Dataset excerpt:
"""
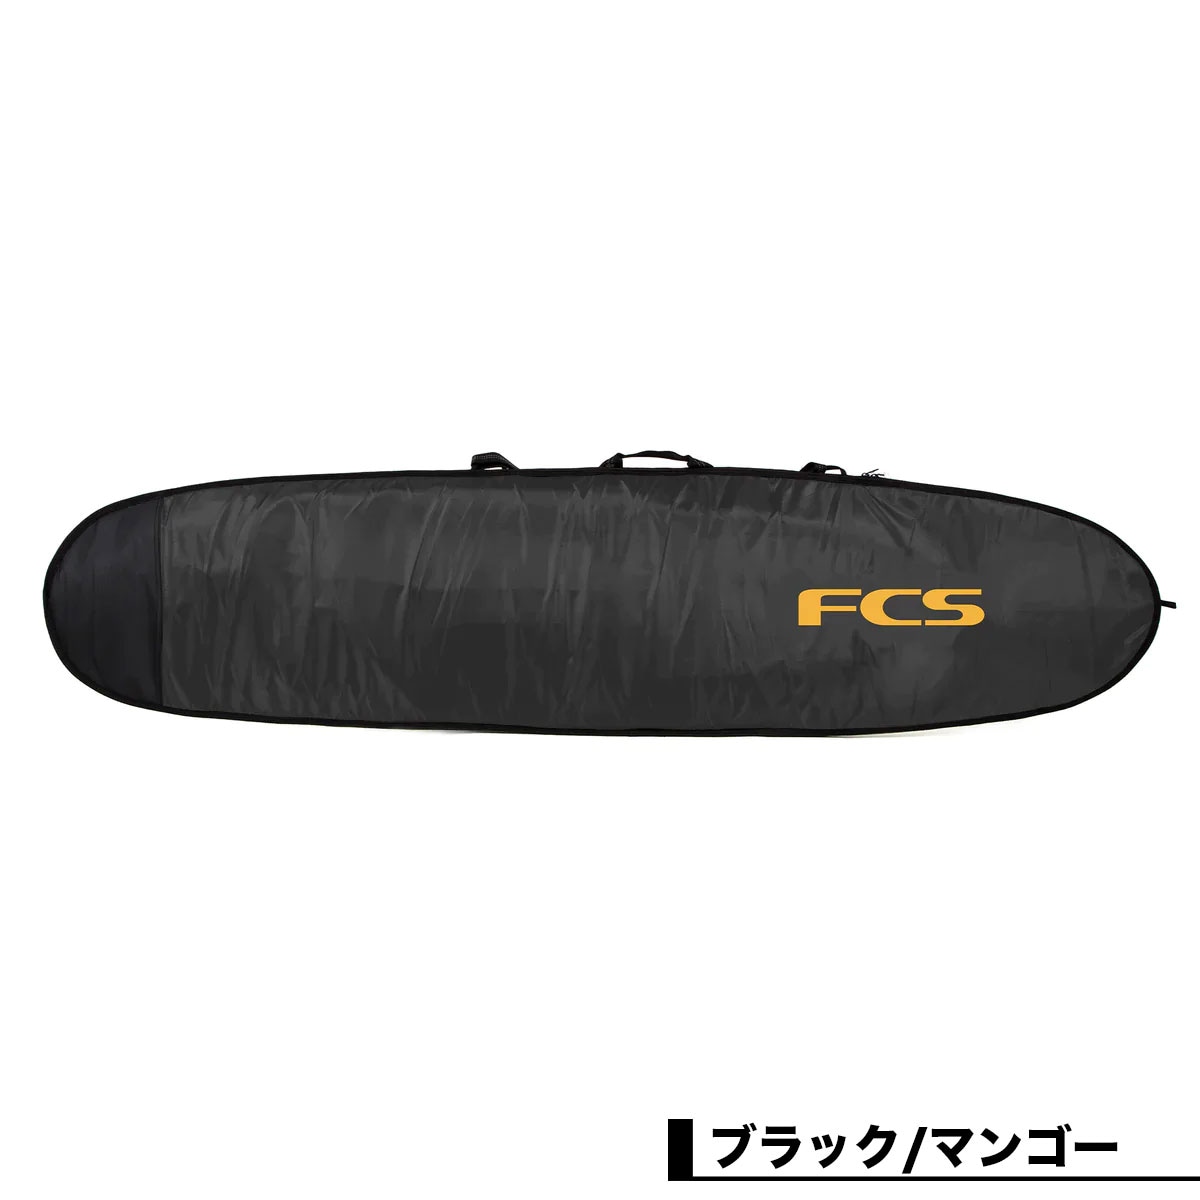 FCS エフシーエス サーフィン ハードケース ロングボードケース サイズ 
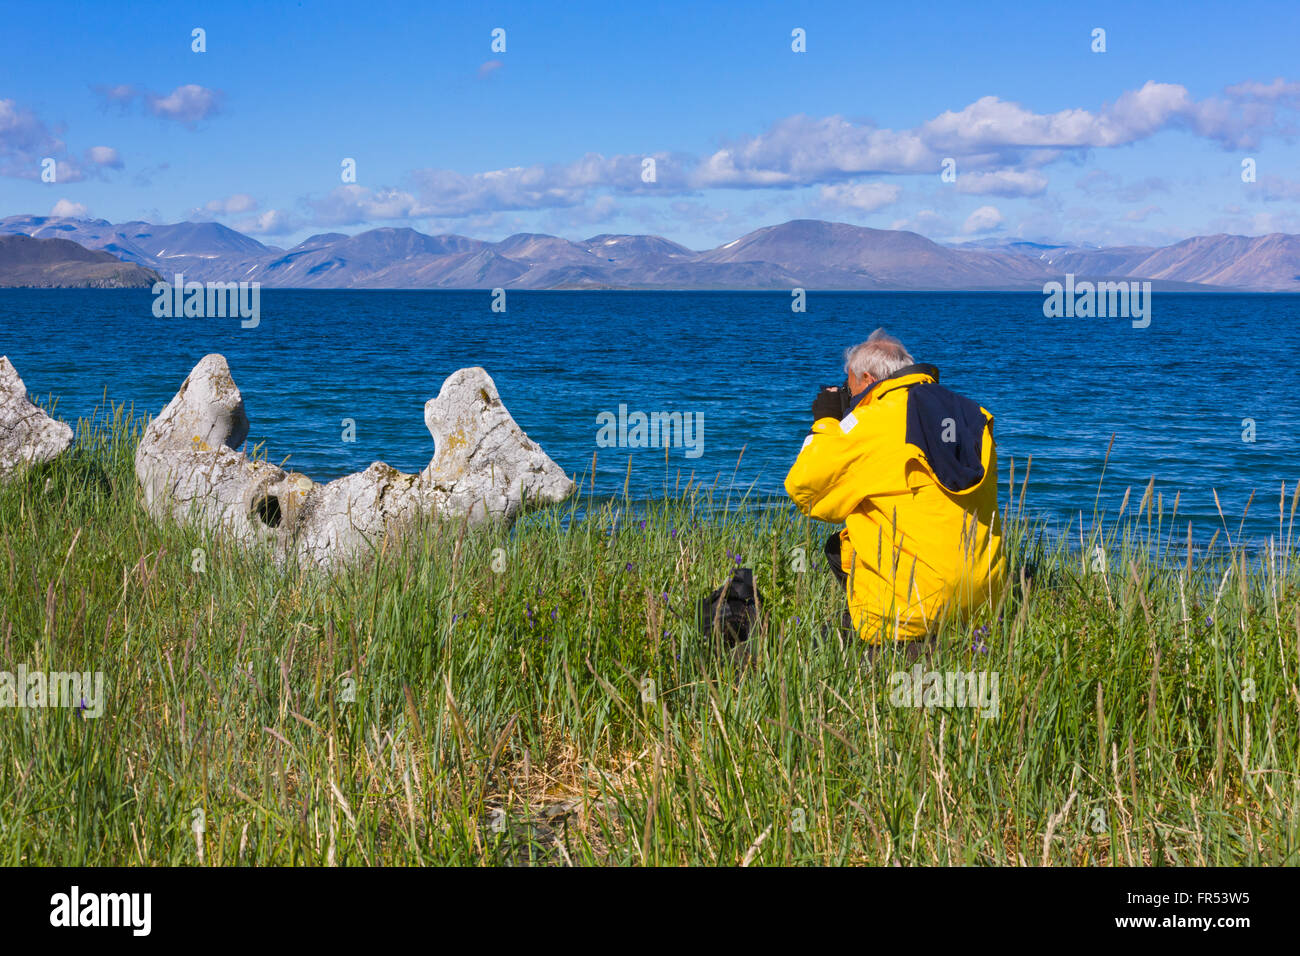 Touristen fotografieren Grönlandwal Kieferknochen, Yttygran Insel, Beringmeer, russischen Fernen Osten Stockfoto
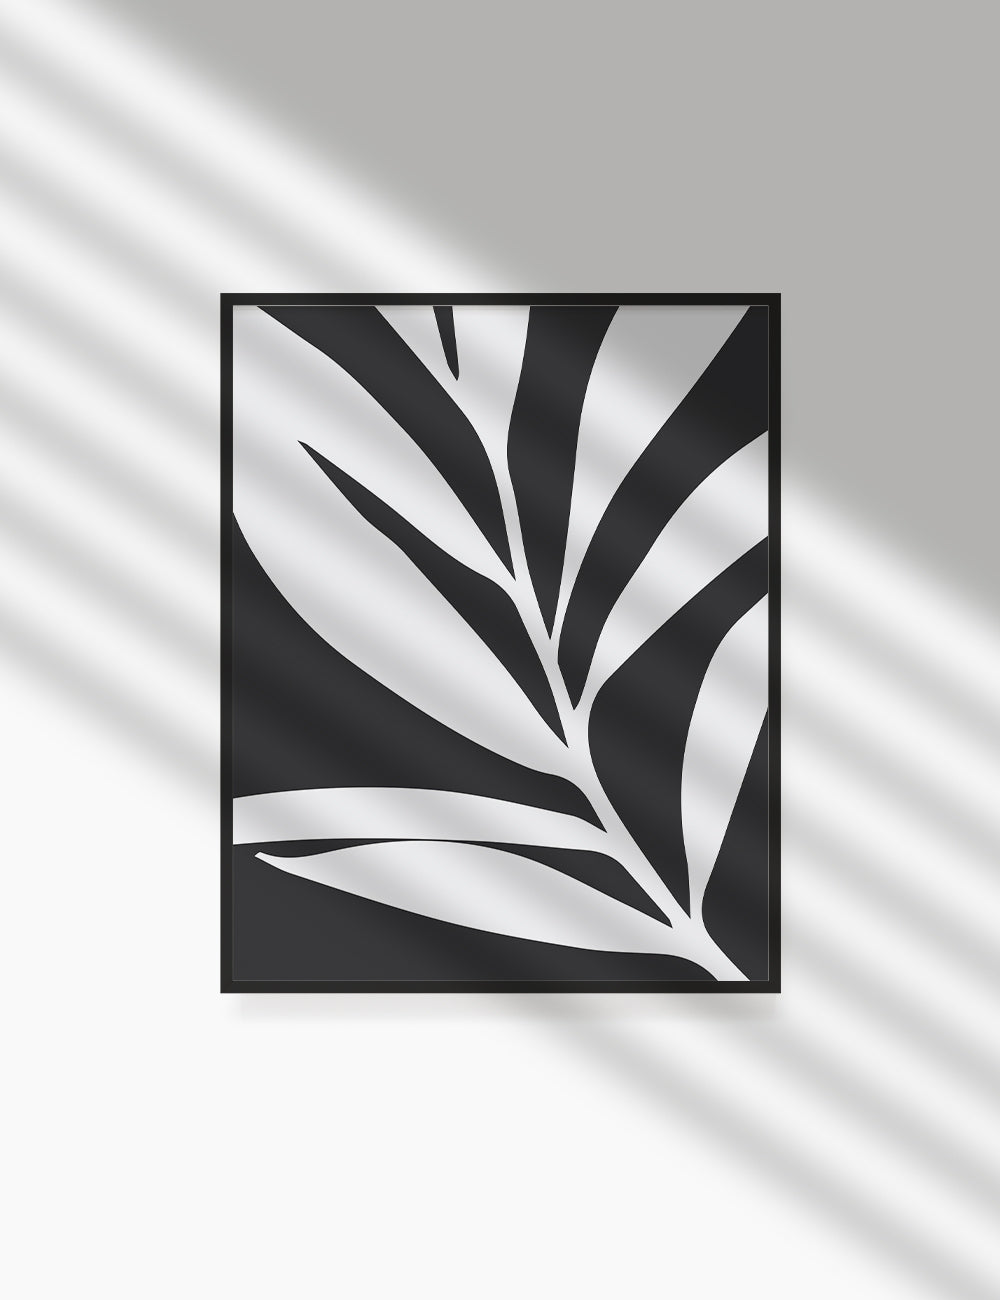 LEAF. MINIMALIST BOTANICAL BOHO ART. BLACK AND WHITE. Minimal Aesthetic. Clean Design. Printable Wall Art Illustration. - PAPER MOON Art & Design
"""
Exactly as written, restate all of the data, leaving out the images.

Reply:
 FCS エフシーエス サーフィン ハードケース ロングボードケース サイズ 
 Touristen fotografieren Grönlandwal Kieferknochen, Yttygran Insel, Beringmeer, russischen Fernen Osten Stockfoto
 LEAF. MINIMALIST BOTANICAL BOHO ART. BLACK AND WHITE. Minimal Aesthetic. Clean Design. Printable Wall Art Illustration. - PAPER MOON Art & Design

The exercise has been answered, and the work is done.